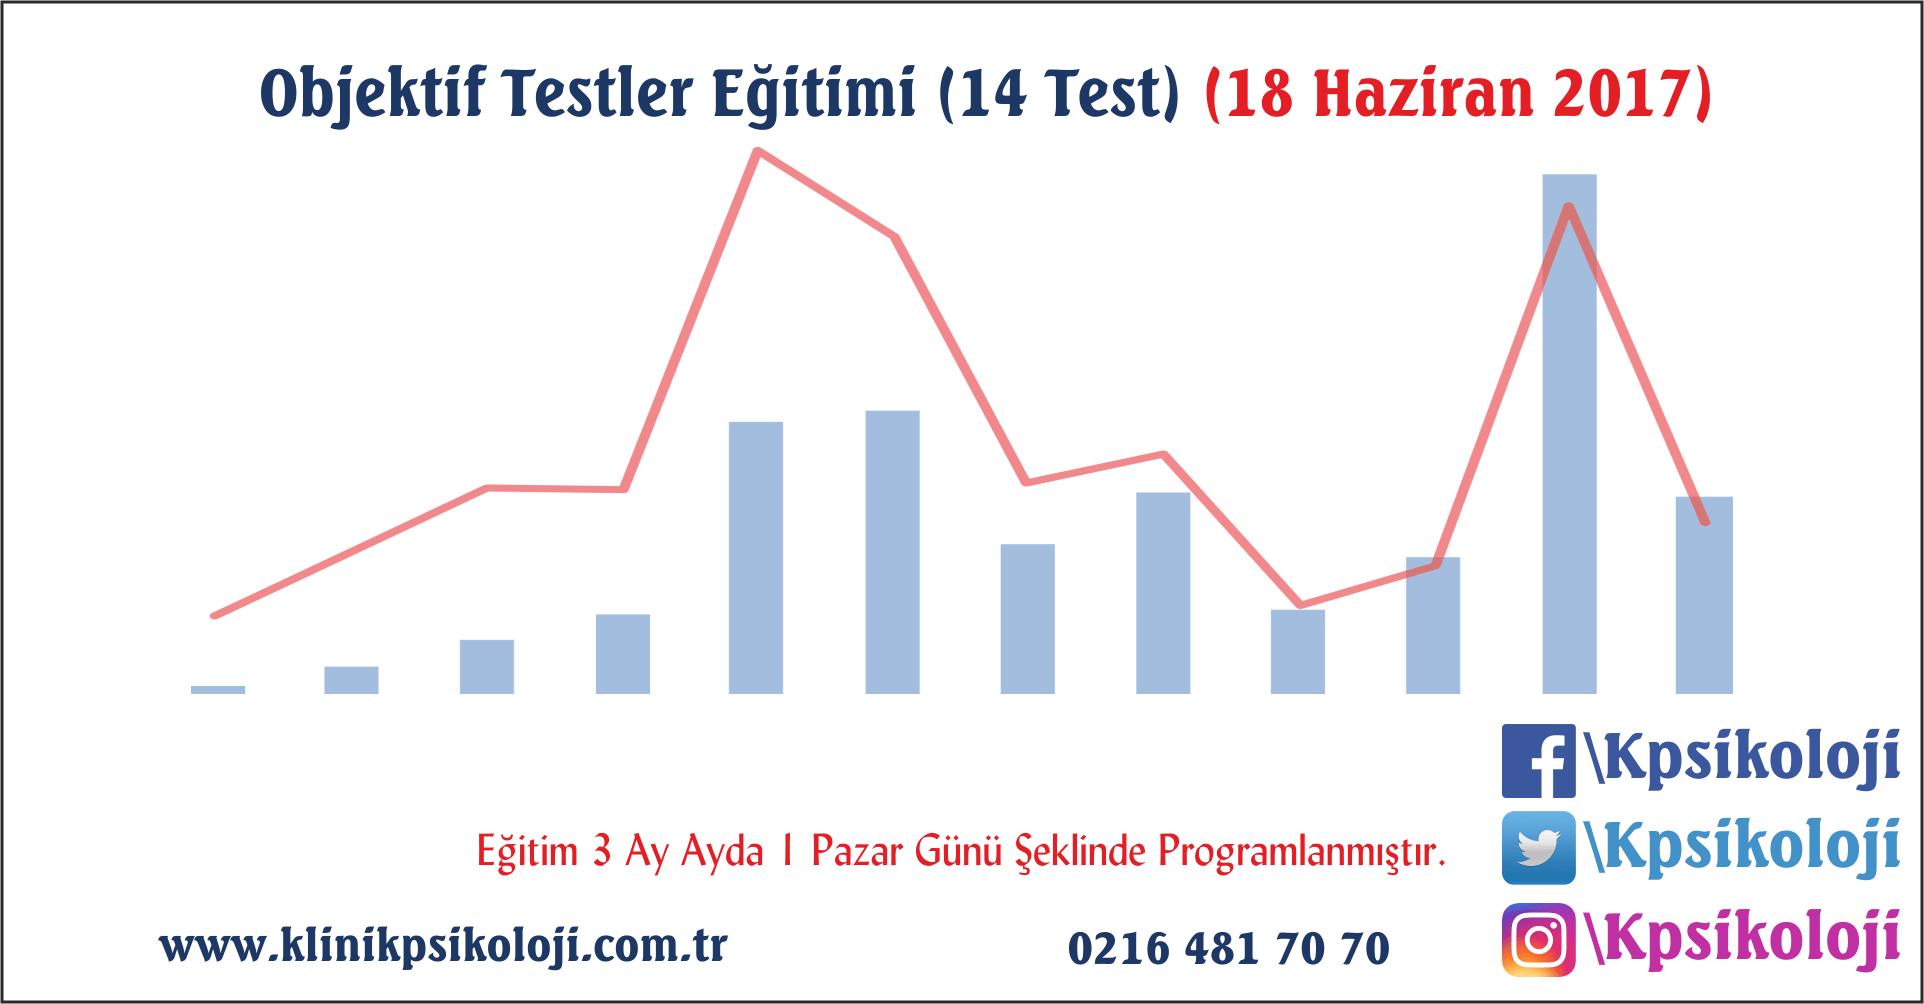 Objektif Testler Eğitimi (14 Test) (18 Haziran)
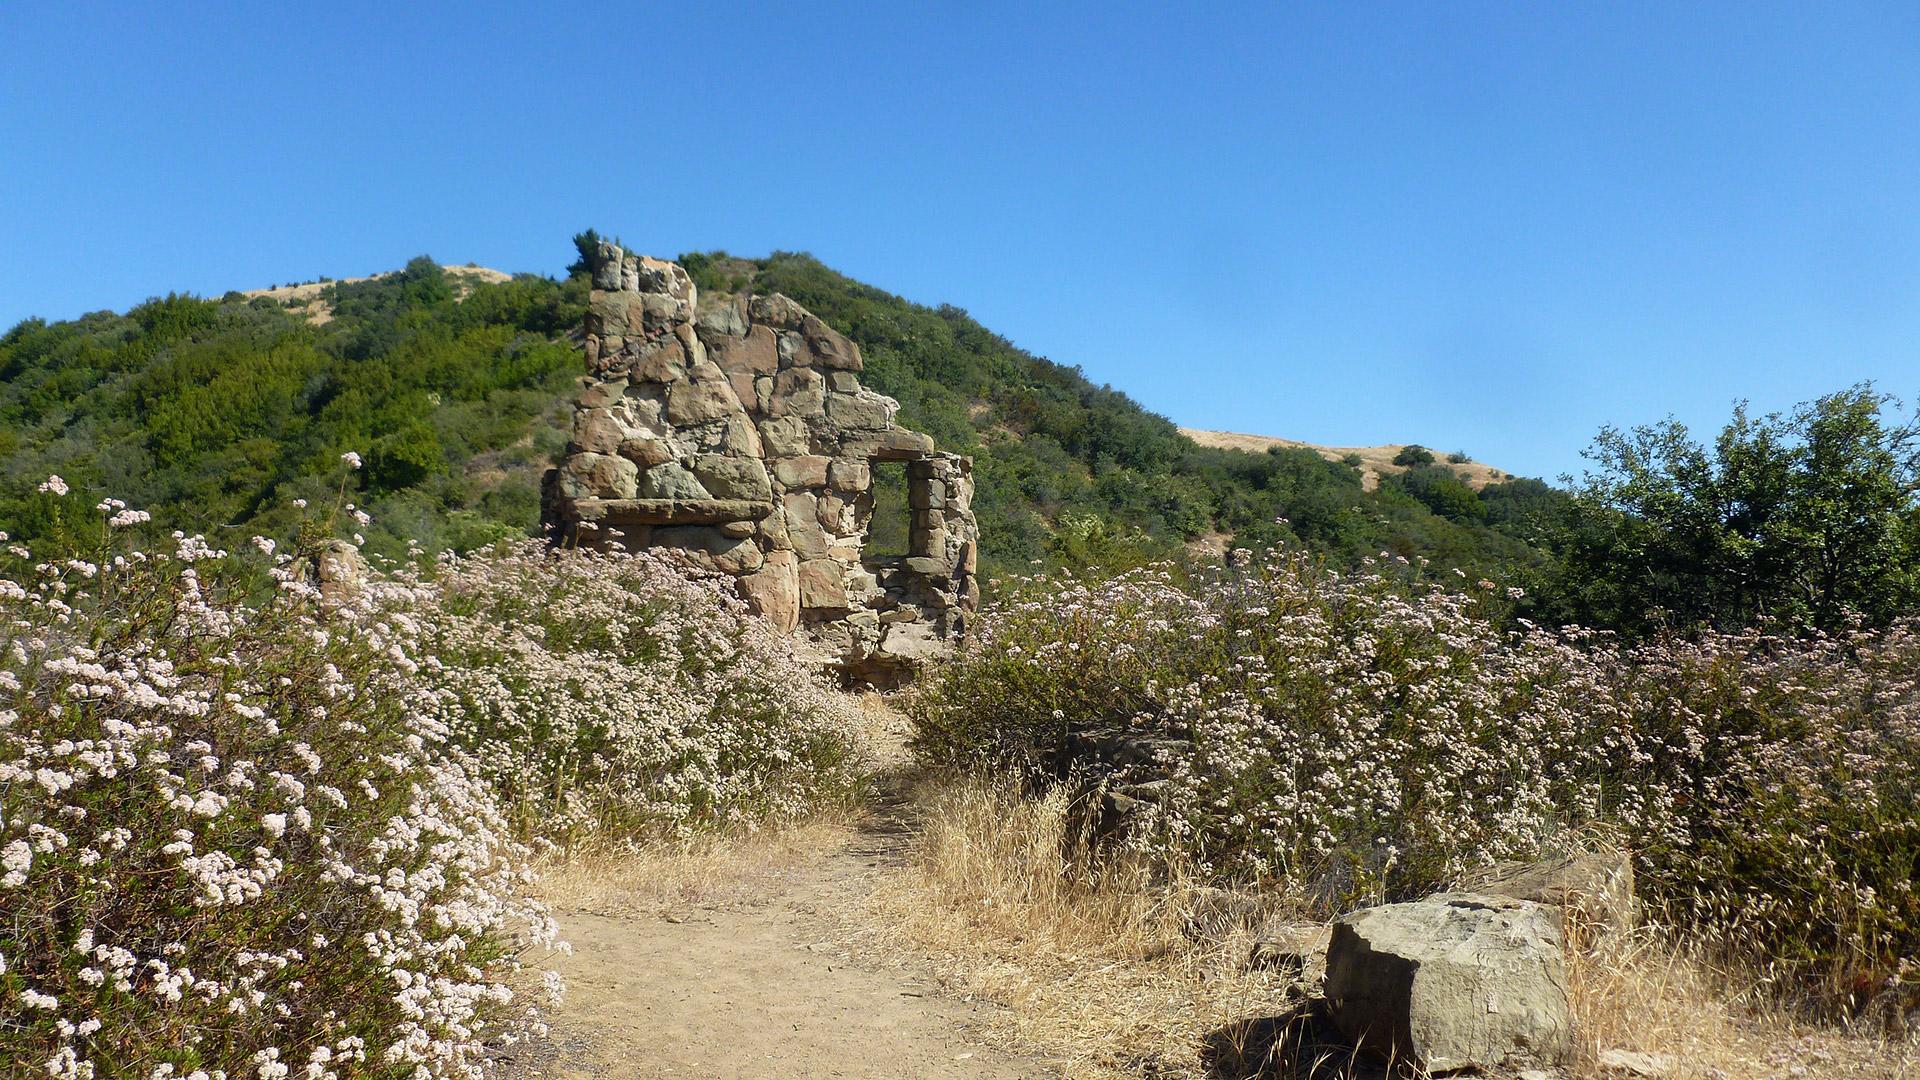 Remains of Knapp's Castle
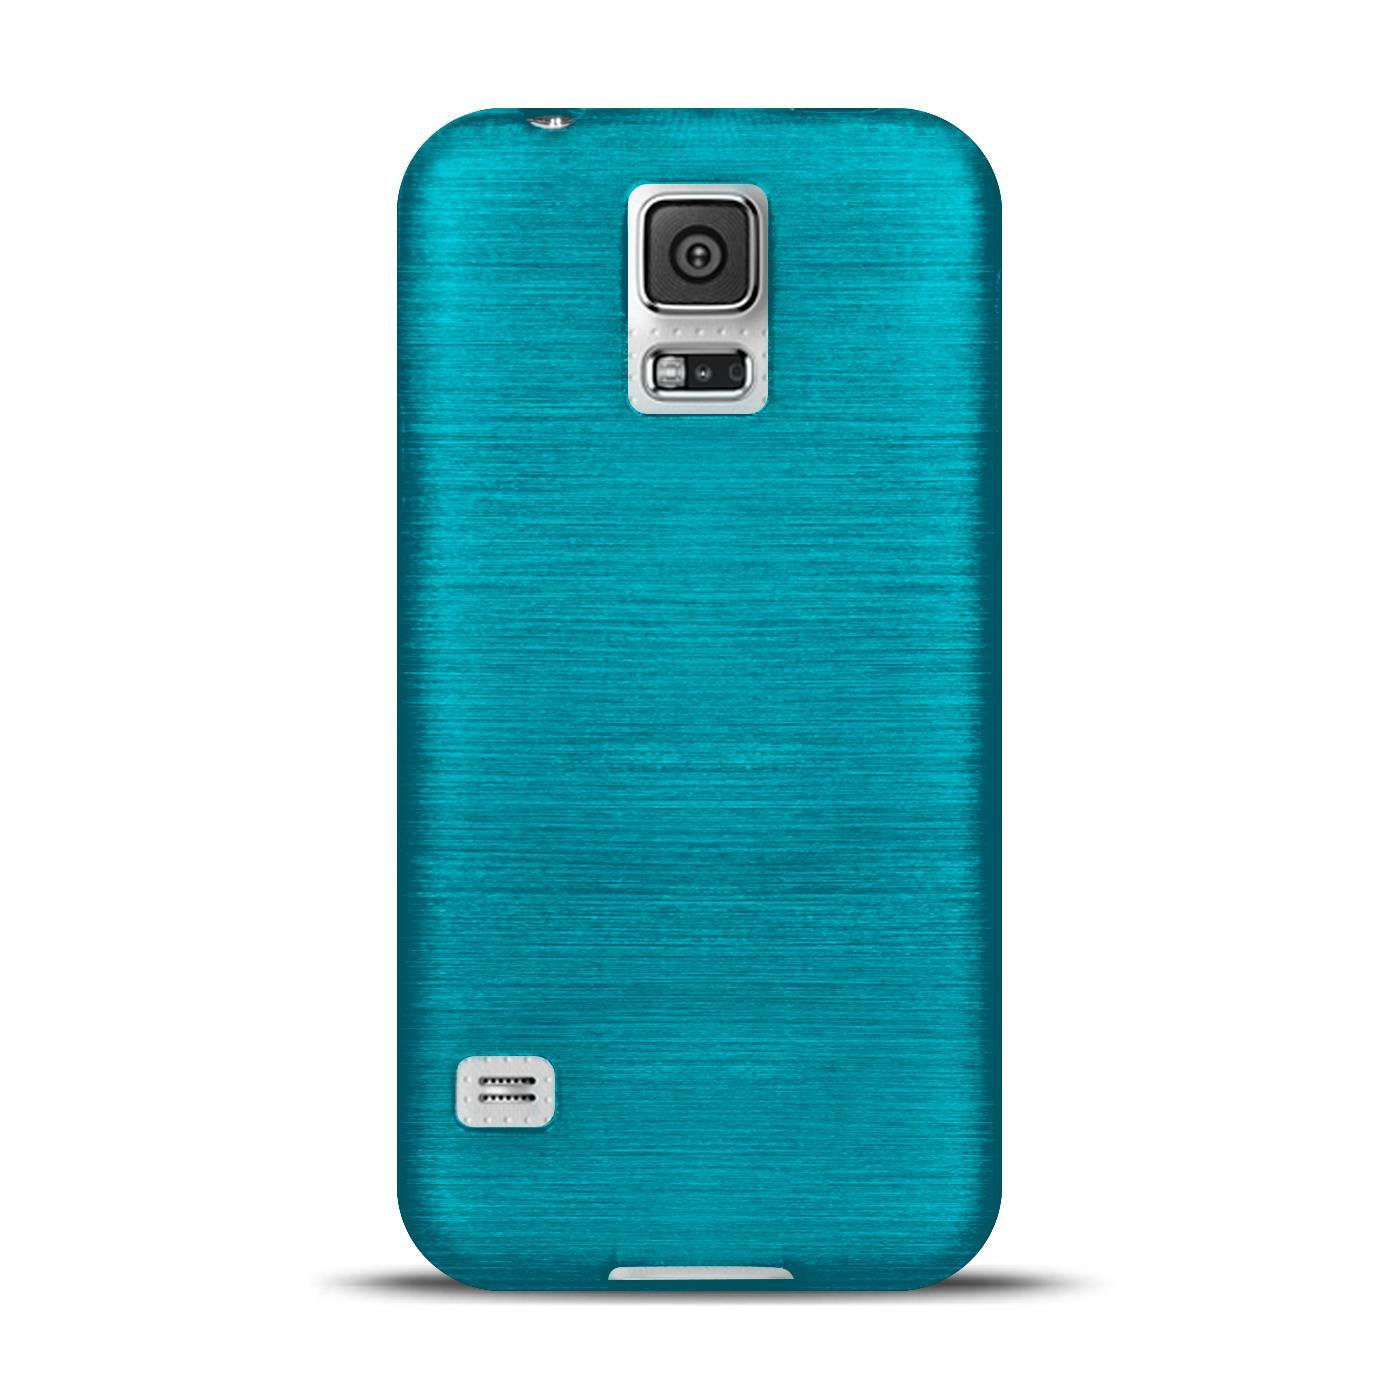 Silikon-Bumper-Case-Samsung-Galaxy-s5-Neo-duenne-ultra-slim-Stossfeste-Rueckschale Indexbild 10
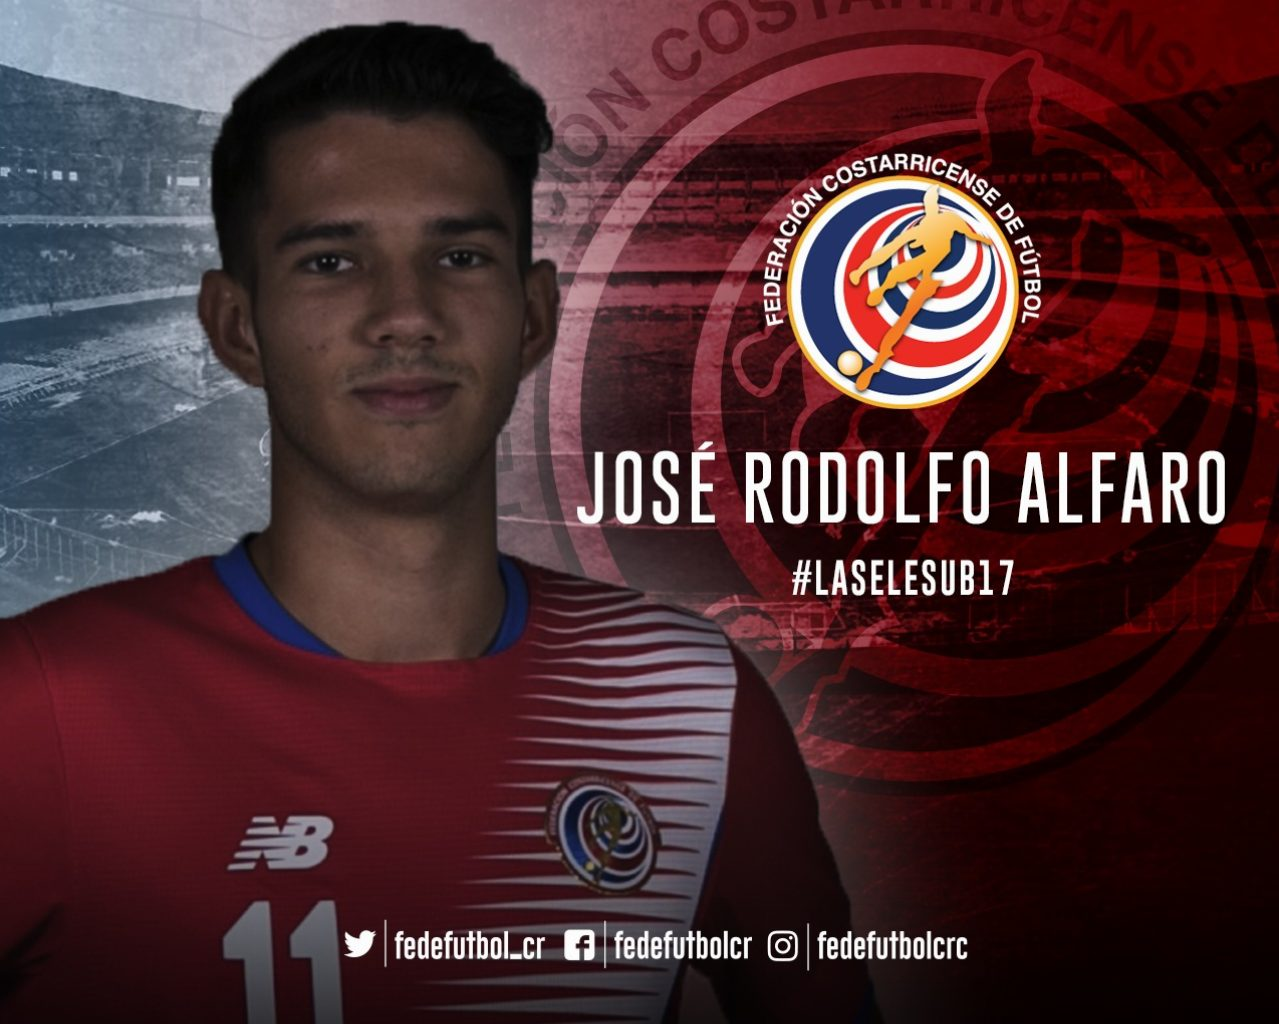 ¿Quién es José Rodolfo Alfaro?

:: Task statement ::
Go through the listing above and write it all out exactly, leaving out any picture.

:: Reply to the task ::
 Objektif Testler Eğitimi (14 Test) (18 Haziran)
 Remains of Knapp's Castle
 Silikon-Bumper-Case-Samsung-Galaxy-s5-Neo-duenne-ultra-slim-Stossfeste-Rueckschale Indexbild 10
 ¿Quién es José Rodolfo Alfaro?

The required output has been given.